Asked what categories of patient harm troubled her the most, Fillo pointed to the most frequent ones—like pressure ulcers and falls—that remain stubbornly high each year. “We don’t want people to start viewing those as ‘normal’ accidents, meaning just an inevitable part of care," she says.
The number of advanced pressure ulcers and serious injuries from falls reported to the state have, in fact, been fairly consistent over the last three years. But a closer look at the data, by organization, shows marked improvement at some institutions.
At Boston Medical Center, for example, a concerted focus on nursing quality overall helped cut the number of serious pressure ulcers from 25 and 30 in 2013 and 2014 respectively, to only 11 last year.
Diane Hanley, senior director and associate chief nursing officer for professional practice, nursing quality and education, says the hospital participates in a national database that benchmarks its performance on pressure ulcers and other nursing quality indicators against some 2,000 other hospitals. Data are turned into graphs posted on ‘quality boards’ in every unit where nurses, patients and families can see them.
That encourages nurses to work to outperform not only national norms but also the unit down the hall. “It’s a healthy competition that results in the sharing of best practices,” Hanley says, “and part of our commitment to better patient care.”
Brigham and Women’s Hospital, meanwhile, logged a sharp reduction in the number of serious patient falls, with just 12 reported by the hospital last year. That compares with 19 in 2014 and 23 in 2013.

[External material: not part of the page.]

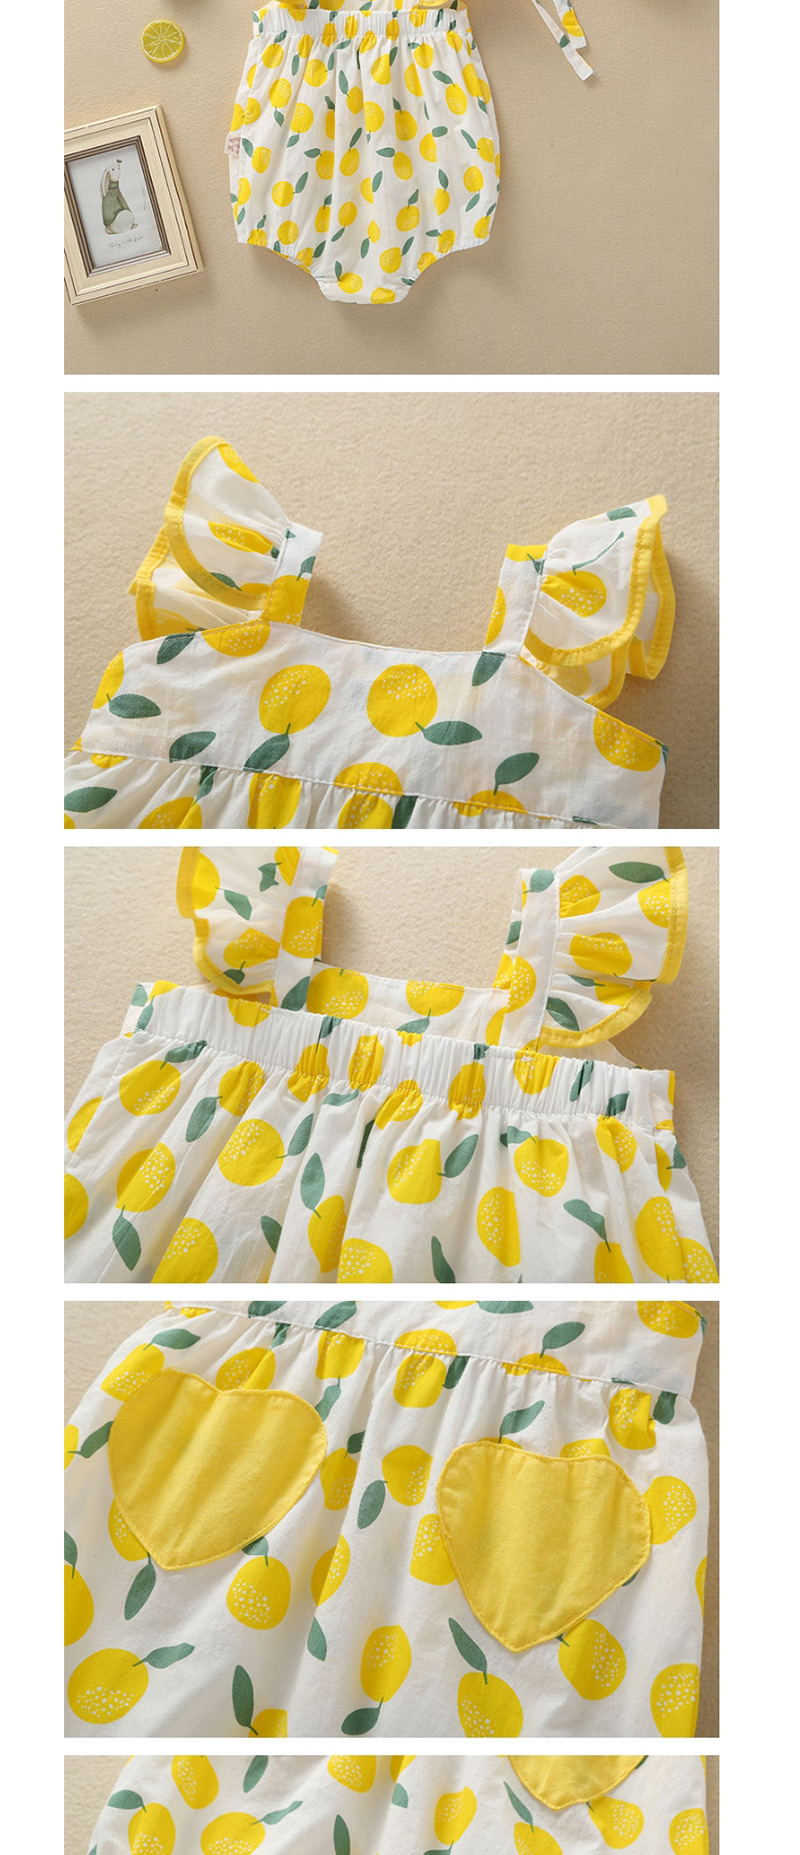 Fashion Lemon Yellow Fruit Print Love Patch Pocket Baby Triangle Lace,Kids Clothing

When patients arrive at the Brigham, says Escel Stanghellini, a quality program director who oversees the Fall Prevention and Restraint Management Programs, nurses assess their risk of falling and the likelihood that a fall will cause serious injury. Then they work with patients and families to develop a custom fall-prevention plan. The plan is shared with other care providers during hand off reports, rounds, and posted prominently in the patient’s room.
'Critical patient risks'
For patients who need extra attention, nurses can also add a portable bedside camera so a specially trained nurse’s aide can more closely monitor up to 10 patients at a time. “If a patient is trying to get out of bed without help or appears anxious, the aide can speak to the patient through the system speakers. The aides are also able to activate a stat alarm in the unit if the patient is observed doing something dangerous,” Stanghellini says. “This has prevented falls, saved a patient from choking, and allowed for earlier detection of changes in patients’ behavior.”
These safety monitors were first used as part of a pilot program a year and a half ago. It is now being used in all intermediate care units and will be rolled out in the critical care units throughout the hospital by the end of September, according to Stanghellini.
Examples like Boston Medical Center and the Brigham show that patient safety can improve when institutions make it a priority, says Barbara Fain, executive director of the Betsy Lehman Center. But they also underscore the need for more intensive efforts to combat preventable error in the many categories of SREs where the numbers indicate little progress.
“The power of this data is that it can shine a light on critical patient risks that probably exist in many hospitals and ASCs—not just at the facilities that reported the events,” Fain says. “True progress depends on a renewed commitment in every Massachusetts health care setting to create a culture of safety to support known strategies for preventing medical harm. That’s the challenge.”